One of the most disturbing moments in any horror film I can think of is in David Lynch’s Twin Peaks: Fire Walk With Me, a movie everyone hates but me (the Cannes audience booed it at its premiere, but what do they know about anything). Taken by itself, it’s not just an overlooked gem about the final tragic days of a young woman, but one of the most terrifying films of the 1990s. Stripped of the series’ quirky fun, it’s a straight shot down nightmare alley, where every facet of Smalltown America wholesomeness is rotten and festering with darkness. At one point, the mysterious Mrs. Tremond gives Laura Palmer a framed photograph of an open doorway (“This would look nice on your wall,” she tells Laura). The night Laura receives the photograph, she has a strange dream in which she enters the door in the photo.
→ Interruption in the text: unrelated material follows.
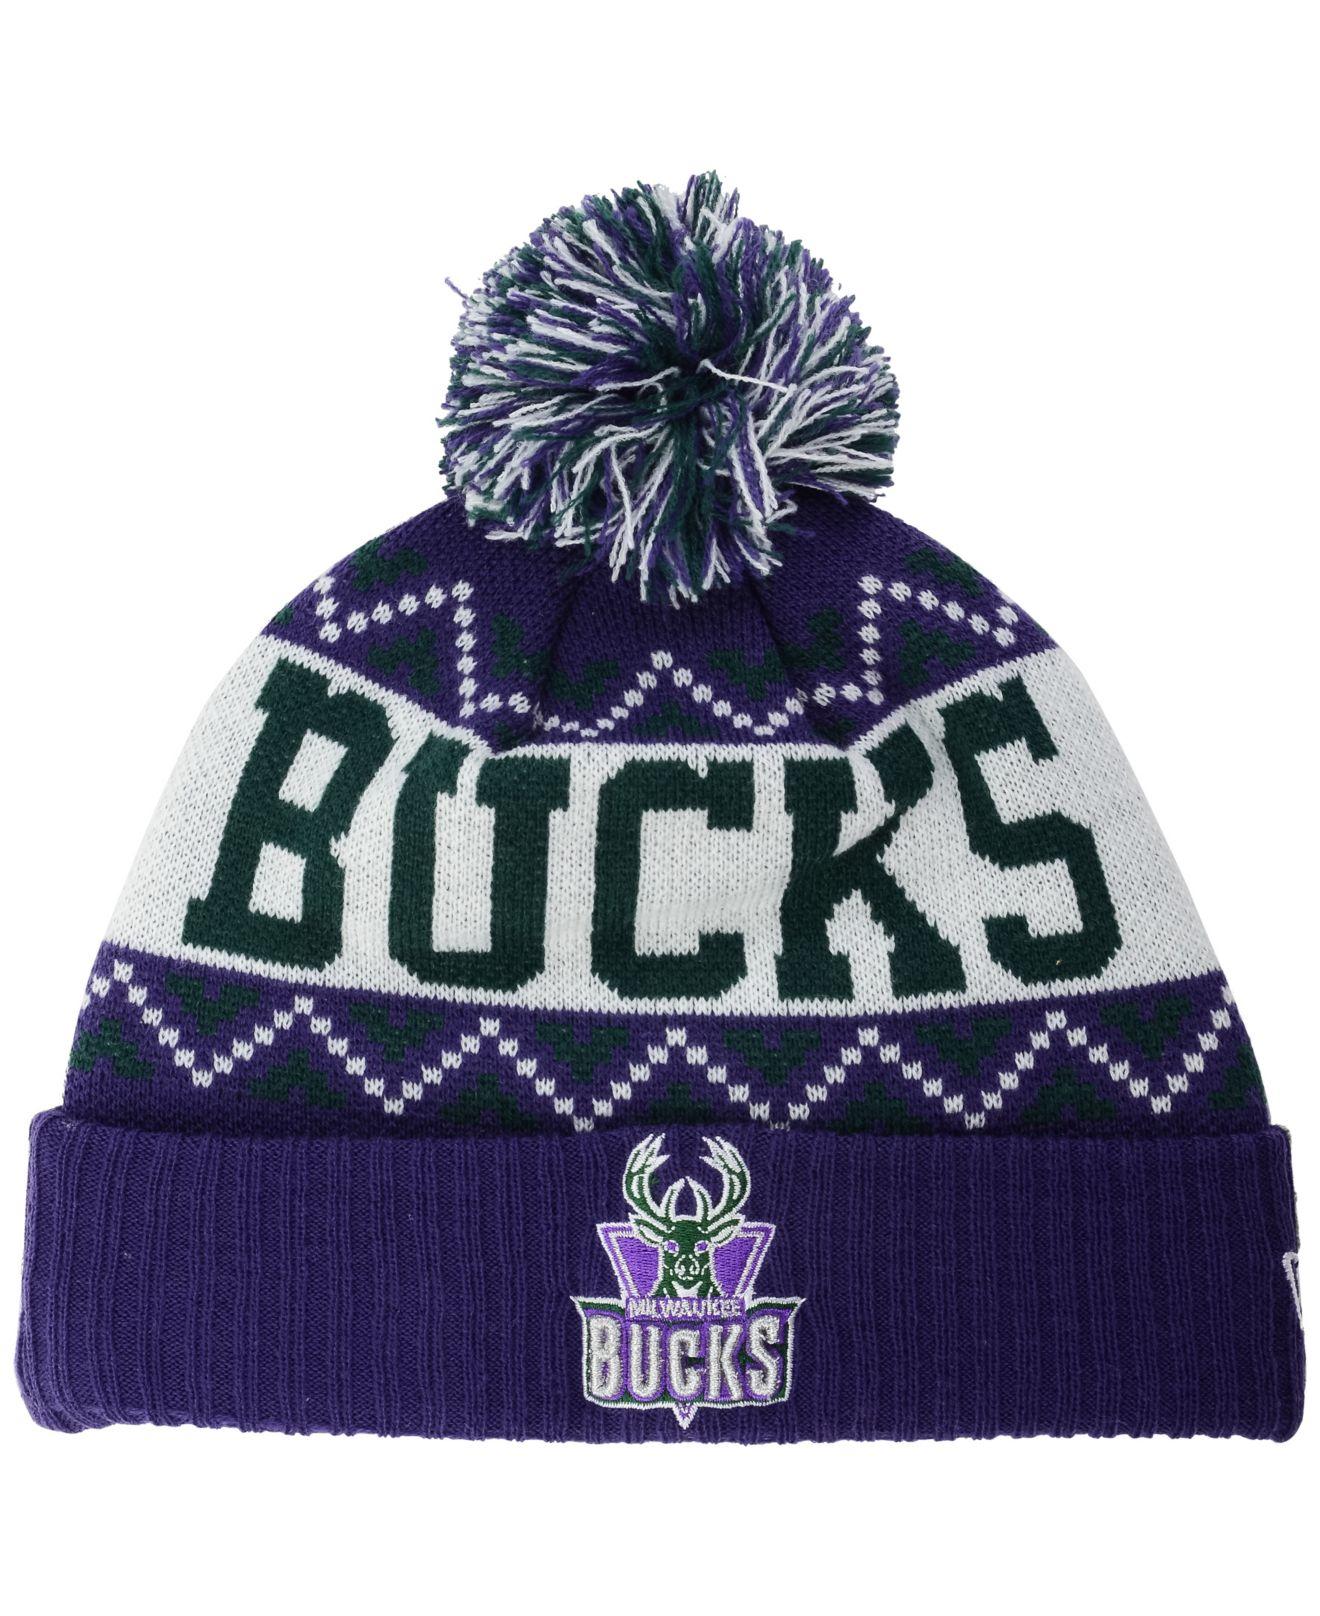 51daa2ec7 shop milwaukee bucks beanie purple 8fdc3 7ad0f

At one point during this sequence, Laura appears to wake up; lying in bed, she turns to her left and sees, lying beside her in bed, a bloodied girl named Annie (played by Heather Graham, Annie appeared late in the series and didn’t know Laura Palmer in life). Annie gives Laura some fairly nonsensical information, and Laura smiles serenely, nodding. There is a battered girl in my bed I’ve never seen before, and this is all fine, this is fine, no problem here. Laura turns away, and then looks back, and Annie is gone. And that is when Laura truly freaks out.
Up until this moment, Laura has seen and endured far, far worse, but it’s this moment, when she gasps at the empty bed, that remains, for my money, one of the film’s most unnerving moments. And that’s in large part because a moment earlier she took in stride the aberrant presence of a bloodied woman lying next to her. It’s this juxtaposition of reactions—bloodied strange woman suddenly lying beside you is totally normal, but her disappearance is terrifying—that captures so well for me the dream logic of nightmares. Rarely do my nightmares involve some visible threat or danger; rather, my mind seems to occasionally mix up the terrifying with the banal, and it’s in encountering them out of order that is most unsettling.
A particularly memorable nightmare I had a few years ago involved coming home to a dark house and realizing—in that way of dreams, I just knew—that someone was in the house: not with a knife or a gun, but in the bathroom taking a shower. The presence of someone inside the house was scary, but somehow the innocuousness of the showering made it even more unsettling. But I’ve had other dreams where objectively far more disturbing things have happened—loved ones’ faces distorting and melting like the bad guy at the end of Raiders of the Lost Ark—and my subconscious has responded with a more or less indifferent shrug.
Lynchian horror is predicated on the idea that lurking beneath our cute, suburban exteriors is some strange malevolence. It runs through all his great works, but it’s more complicated than it first appears. His best moments are predicated on the idea that both the normal is terrifying, and the horrific is comforting. A diner on Sunset Boulevard may be a scene of a deadly nightmare, but a baby that looks like a shrink-wrapped deer fetus is accepted as a more or less normal kinda situation.
Few writers or filmmakers tap into this as successfully as David Lynch, maybe because of the way he upends the usual horror script. The standard horror formula is to start out with the banal, ordinary life: a nice suburban home, a happy family, maybe some teenagers having a fun weekend at the lake. Then the monster arrives, and we realize that everything we thought was safe and normal was just an illusion, that the nightmare was always lurking underneath. The heroes do battle and/or get eaten by the monster, but sooner or later it’s defeated, and at the story’s end, we’ve returned back to the normal, everyday world.
But such narratives, even when they’re done well, often leave me unsatisfied. Once the veil has been pulled back, you can’t really ever go back to the way things were, no matter how hard you try. The terrible knowledge that’s brought you to this place can’t fail to change you, and even if you defeat the monster, you’re still left with your memories.
With Lynch’s work—along with a few other of my favorites, including Franz Kafka and David Cronenberg—there’s no going back, even after everything is over. And so the greatest moments of terror often come from the most banal of places: places that might otherwise seem to offer safe harbor from the nightmare. It’s often the openly terrifying things, by contrast, that are accepted with equanimity. Perhaps this is because once that exterior is peeled back, the scary things are at least no longer unknown. What the doomed protagonists of David Lynch’s films gradually understand is that you can never turn your back on something that presents itself as safe, reassuring, and unthreatening. With a nightmare, at least you know where you stand.